20 November 2021
Amhara Planning Commission
Recovering from the severe economic damage inflicted by the war in northern Ethiopia and bringing back the economy of Amhara regional state to pre-Tigray war economic status would take thirty to forty years of endeavor, revealed an assessment by the Planning Commission of the Amhara Regional State.
The regional GDP constitutes 22 percent of the national GDP, which stood at USD 100 billion when the law enforcement operation began in Tigray regional state in November 2020.
“Kombolcha was the industrial hub of the region. Now every standing factory has been looted by TPLF forces. They damaged properties they could not take. Private and public investments are totally damaged. We cannot even resume providing minimum services such as health and school in the near future because they have been completely damaged and looted,” head of the regional planning commission , Animut Belete said of the conditions.

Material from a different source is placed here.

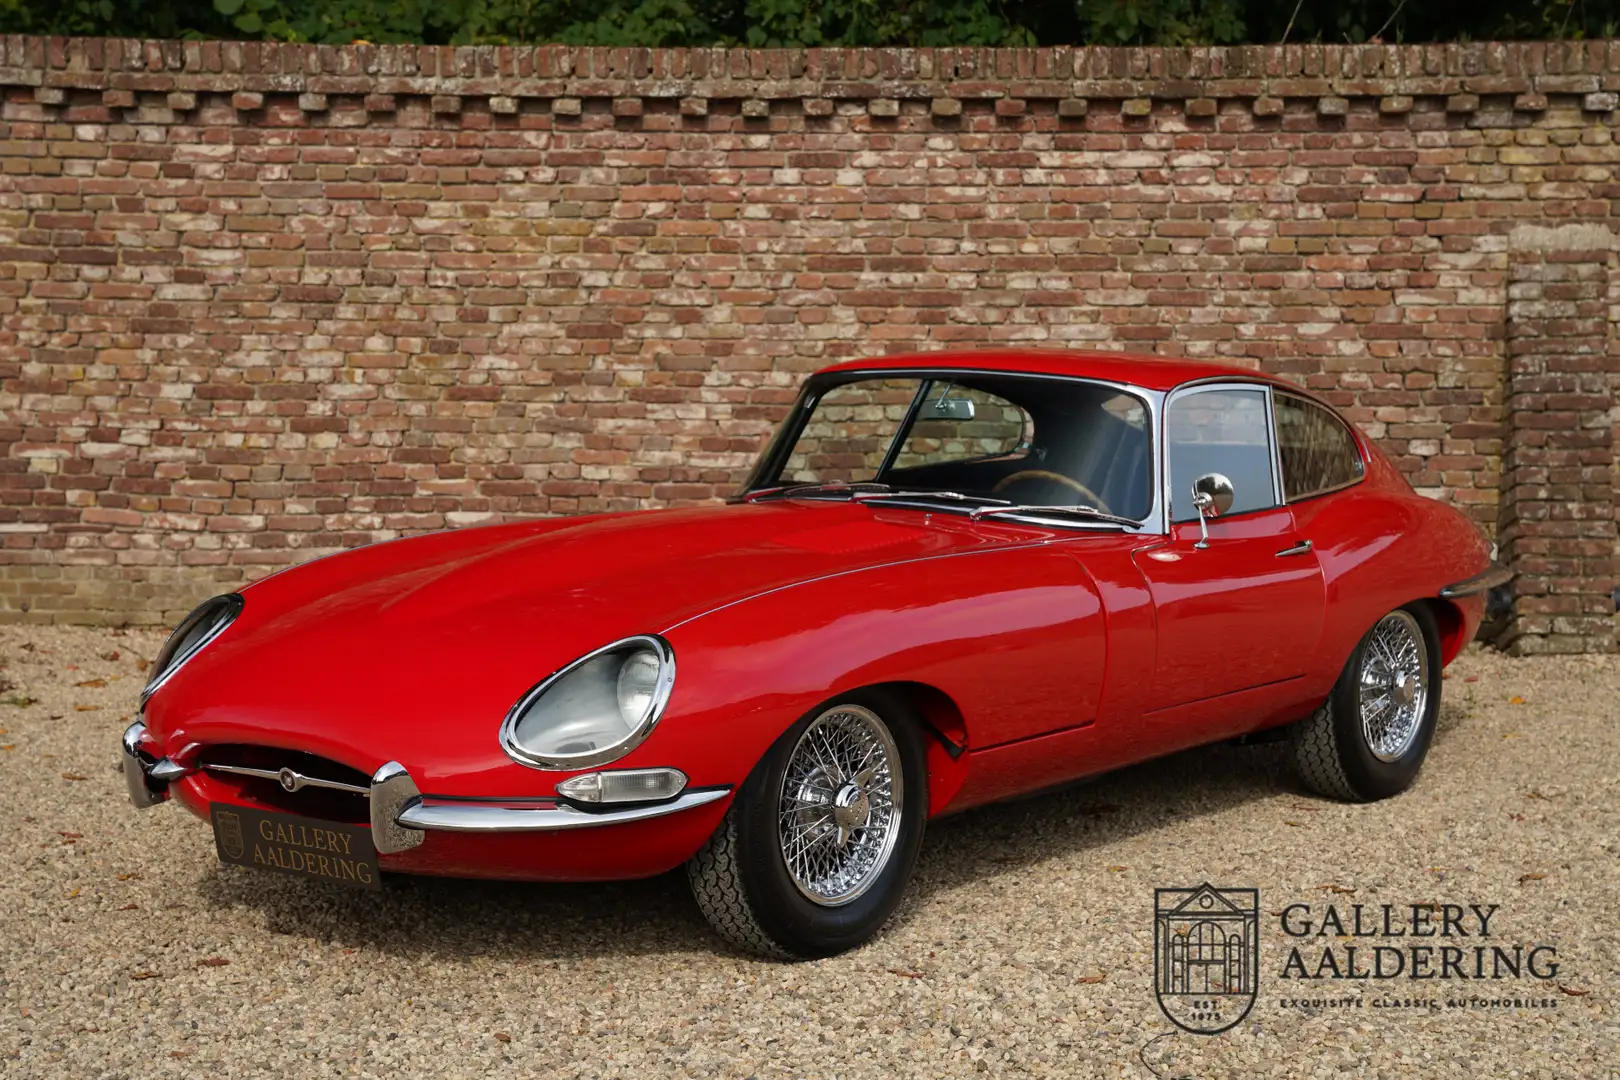 Jaguar E-Type XKE 3.8 series 1 FHC Matching numbers, restored an Rouge - 1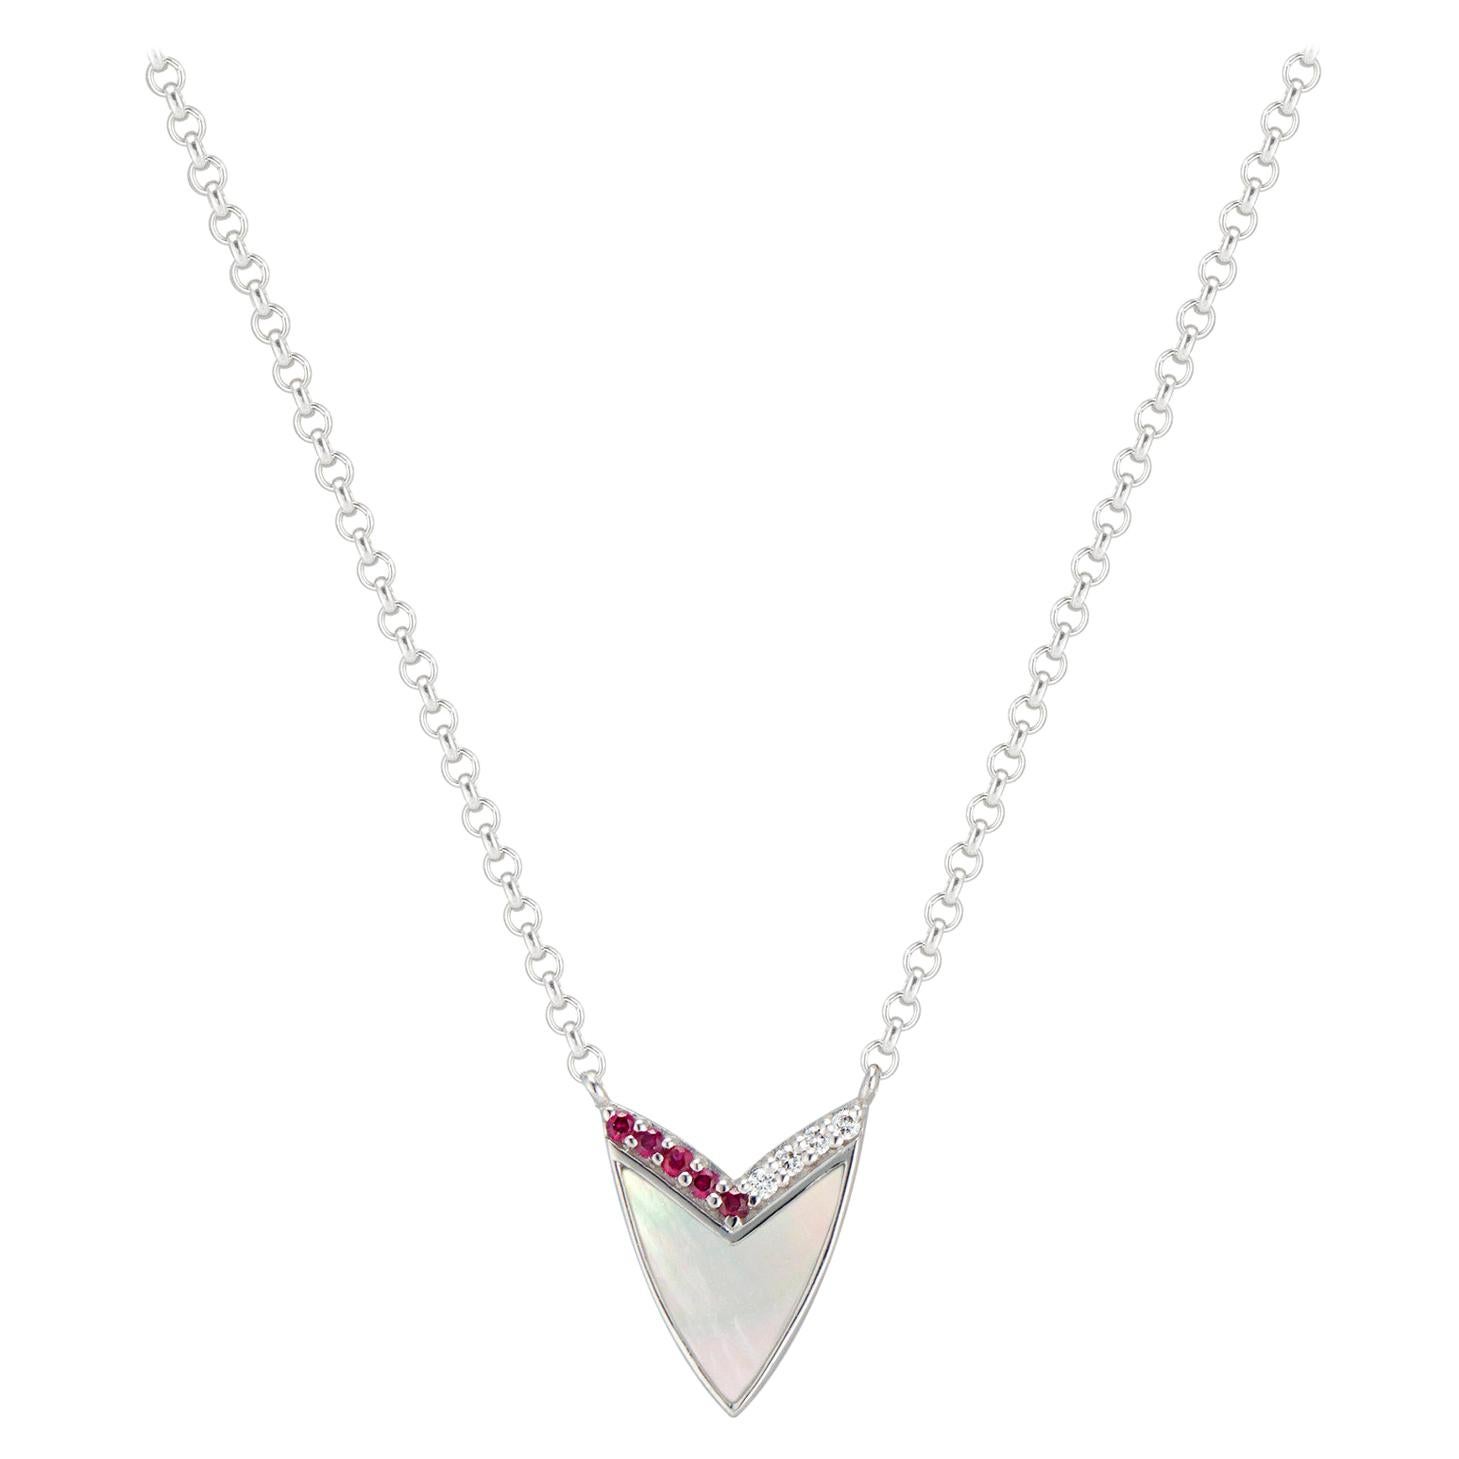 Cubist Heart Necklace with Mother of Pearl, Ruby, and Diamonds

Amhara region towns such as Kombolcha, Haik and Woldia fell to the TPLF. The damage has also affected three agricultural research centers, large and medium industries in Kombolcha, which also houses the Kombolcha industrial park, among others.
According to the commission’s previous assessment on 45 Woredas in five zones, which previously were controlled by the TPLF, agricultural damage alone was estimated to reach 260 billion birr. Of this, 100 billion birr is market value of crops and livestock of the current harvest season, which have also been looted and damaged.
“It took us at least 30 years of endeavor to build this economy, under the auspices of foreign aid, Foreign Direct Investment (FDI) and various sources of support. Now there is no foreign aid or FDI. Rebuilding the economy in the absence of these sources will take us even more than thirty years. Industry will start from scratch. Farmers have no oxen or farming equipment. Millions of labor force is idle now,” said Animut.
The regional government is currently planning to mobilize resources by organizing campaigns.
“We are communicating with the federal government to create different platforms. We are also preparing to mobilize resources from the Diaspora. The resources can be in kind or in cash. We need computers and office equipment to resume basic public services first. Then rehabilitation and redevelopment will begin. But for now, the primary effort is retaining the region taken by the TPLF,” Animut added.
Experts recommend the federal government craft a post-conflict rehabilitation and redevelopment roadmap for all regional states affected by the yearlong conflict, to which the end is still not in sight.